E perchè queste non fossero solo parole ad effetto in una assemblea pubblica, mi sono subito premurato di procedere a consultazioni comuni col CISAR in vista della riunione ministeriale che si è tenuta agli inizi di novembre al Ministero per parlare del problema, molto sentito, dei ponti ripetitori.

In conseguenza di questo, ARI e CISAR si sono presentati al Ministero con una voce comune, ed hanno, al termine della riunione, diramato un comunicato congiunto ARI-CISAR.

Analogo fronte comune rappresenteremo in una prossima riunione ministeriale ove discuteremo di prefissi, e così faremo anche in futuro ogni qualvolta sarà necessario rappresentare all'Amministrazione gli interessi di tutti i radioamatori italiani.

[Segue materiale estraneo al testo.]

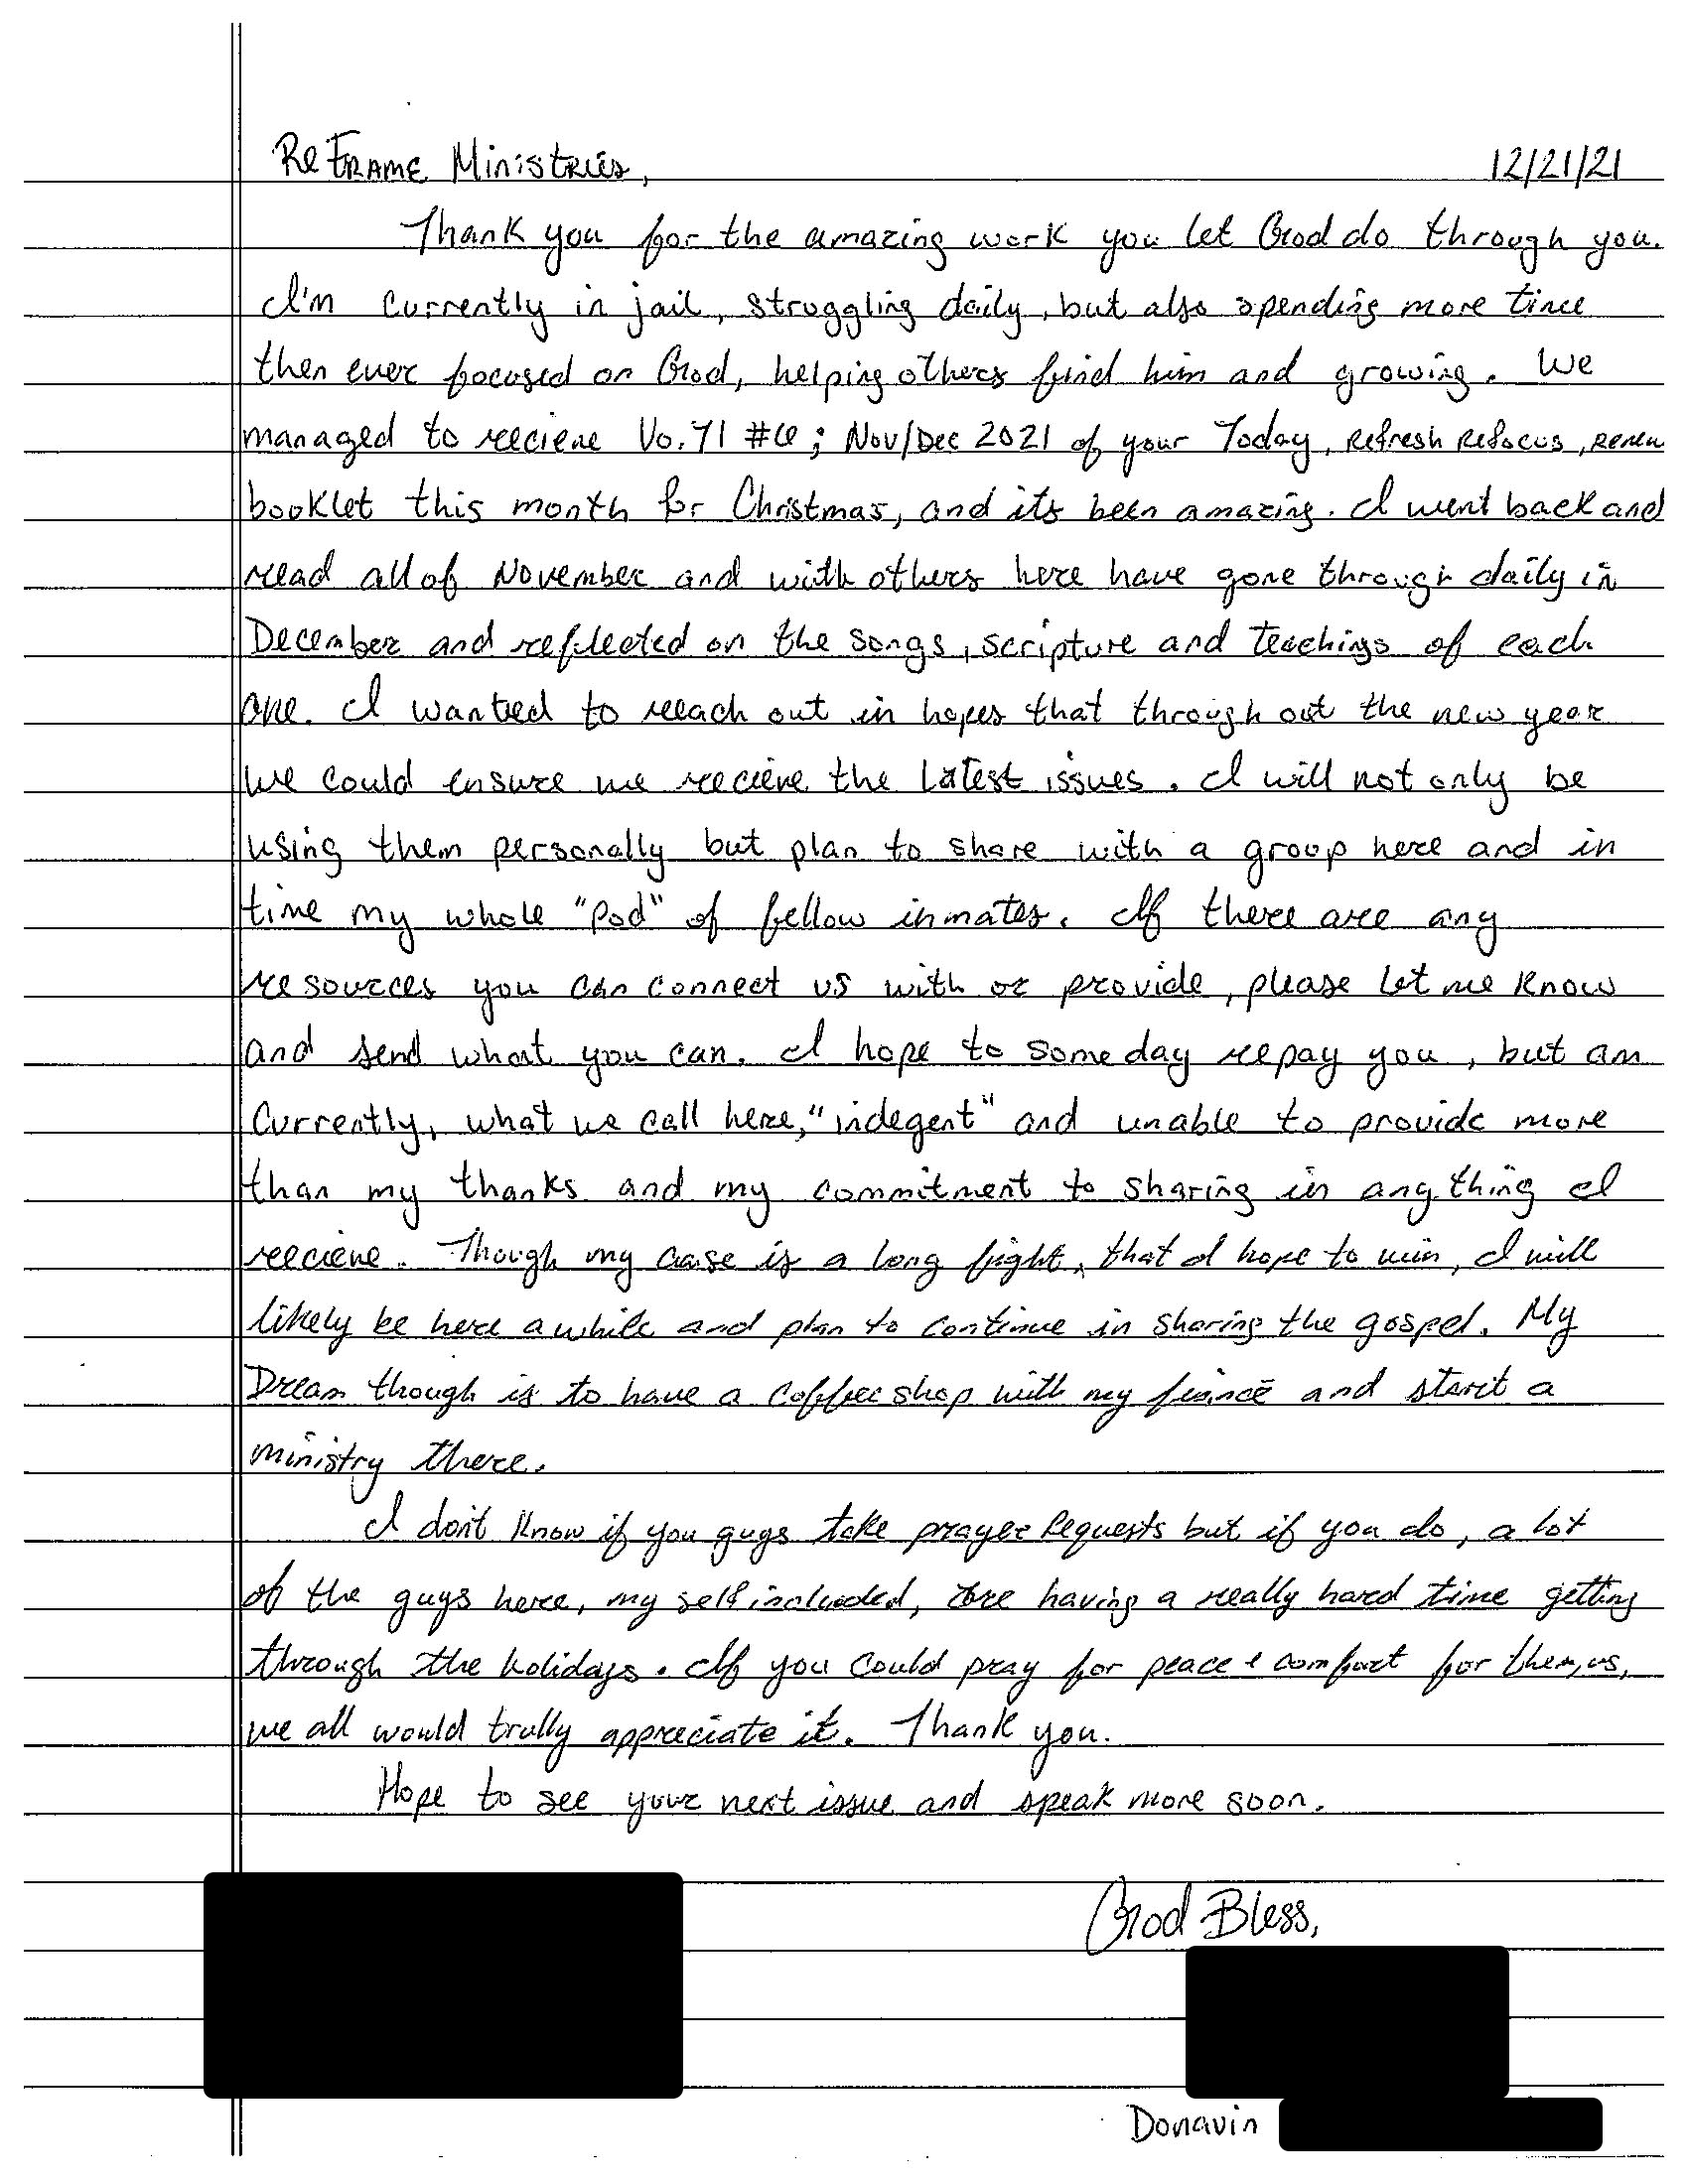 Prison Letter 1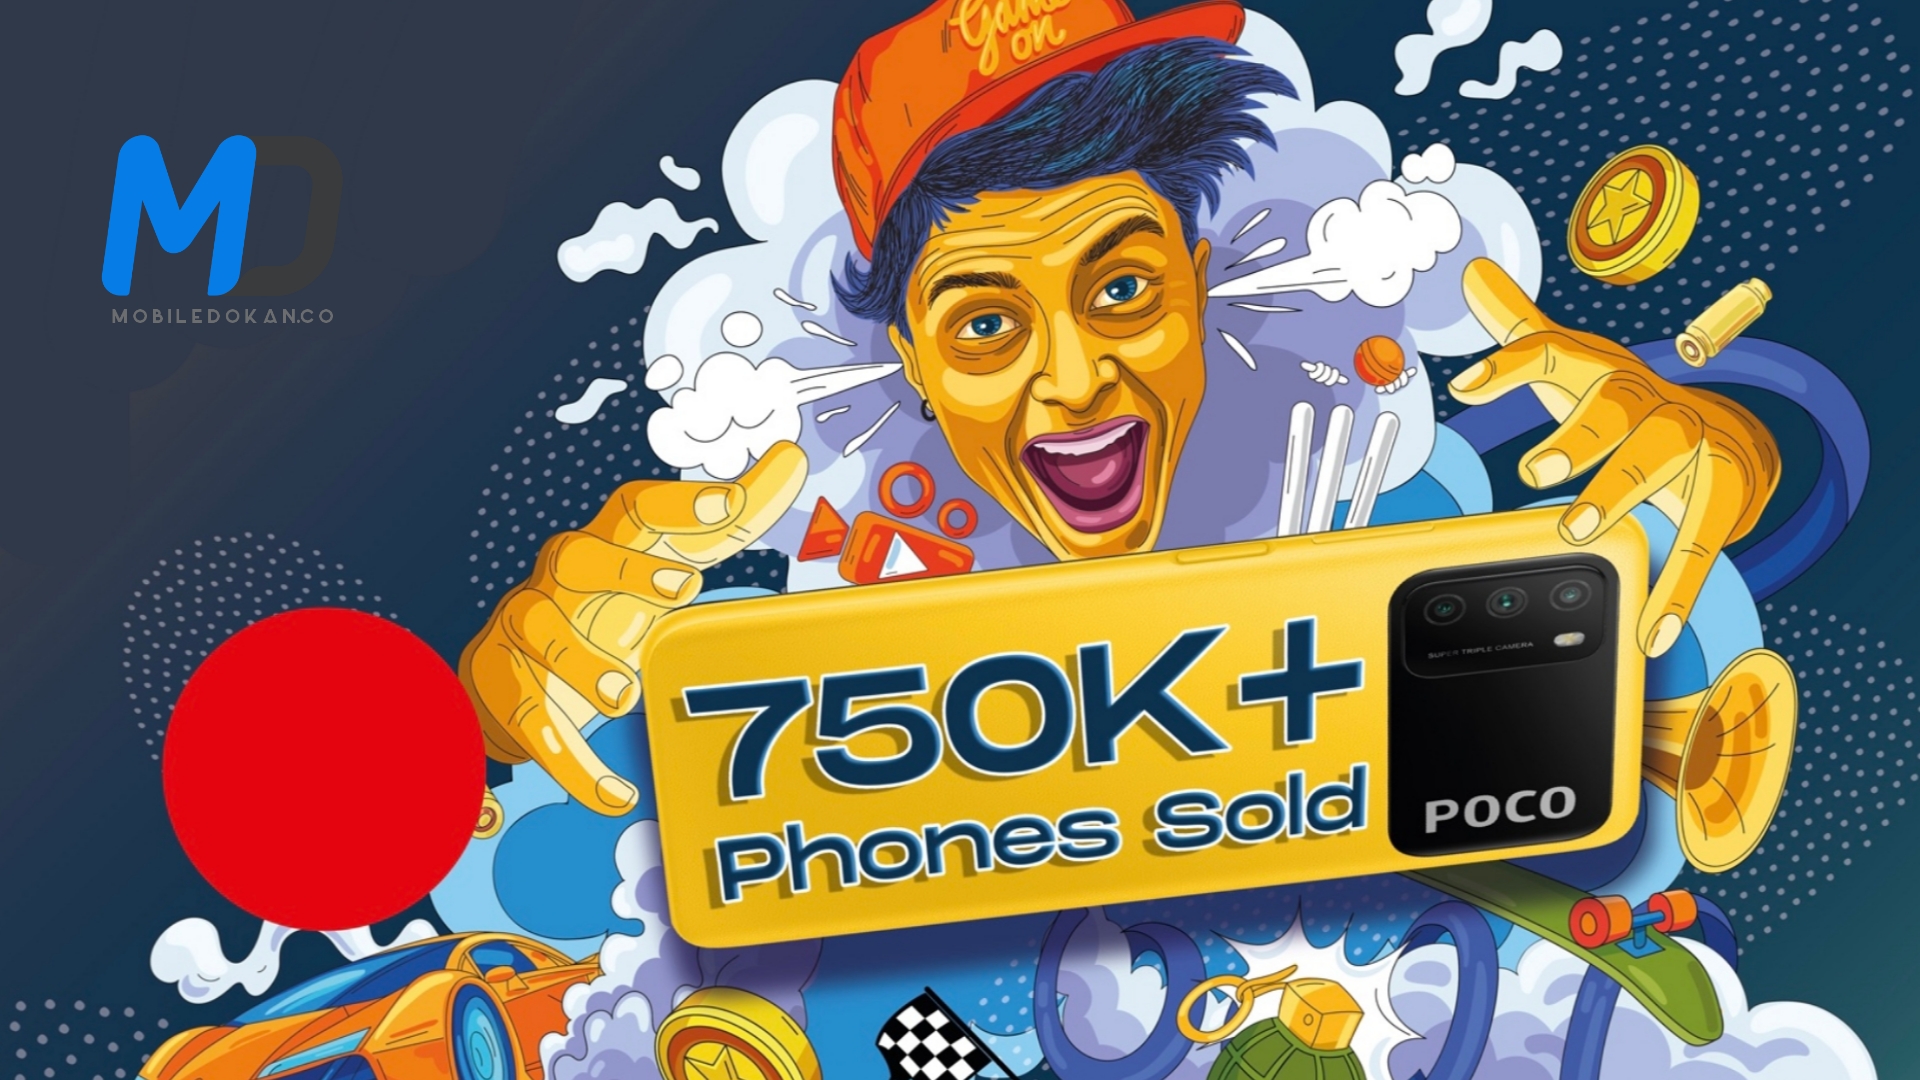 POCO M3 sells across 750K_ units in India

Posso anche anticipare che siccome abbiamo in previsione per il prossimo anno convegni e simposi di contenuto tecnico particolarmente elevato, saremo ansiosi di avere il contributo degli interventi e della professionalità di iscritti al CISAR e di qualsiasi altra associazione radioamatoriale che, al pari nostro, condividano il desiderio del sapere, della conoscenza e del miglioramento tecnico al di là di ogni artificiosa divisione associativa.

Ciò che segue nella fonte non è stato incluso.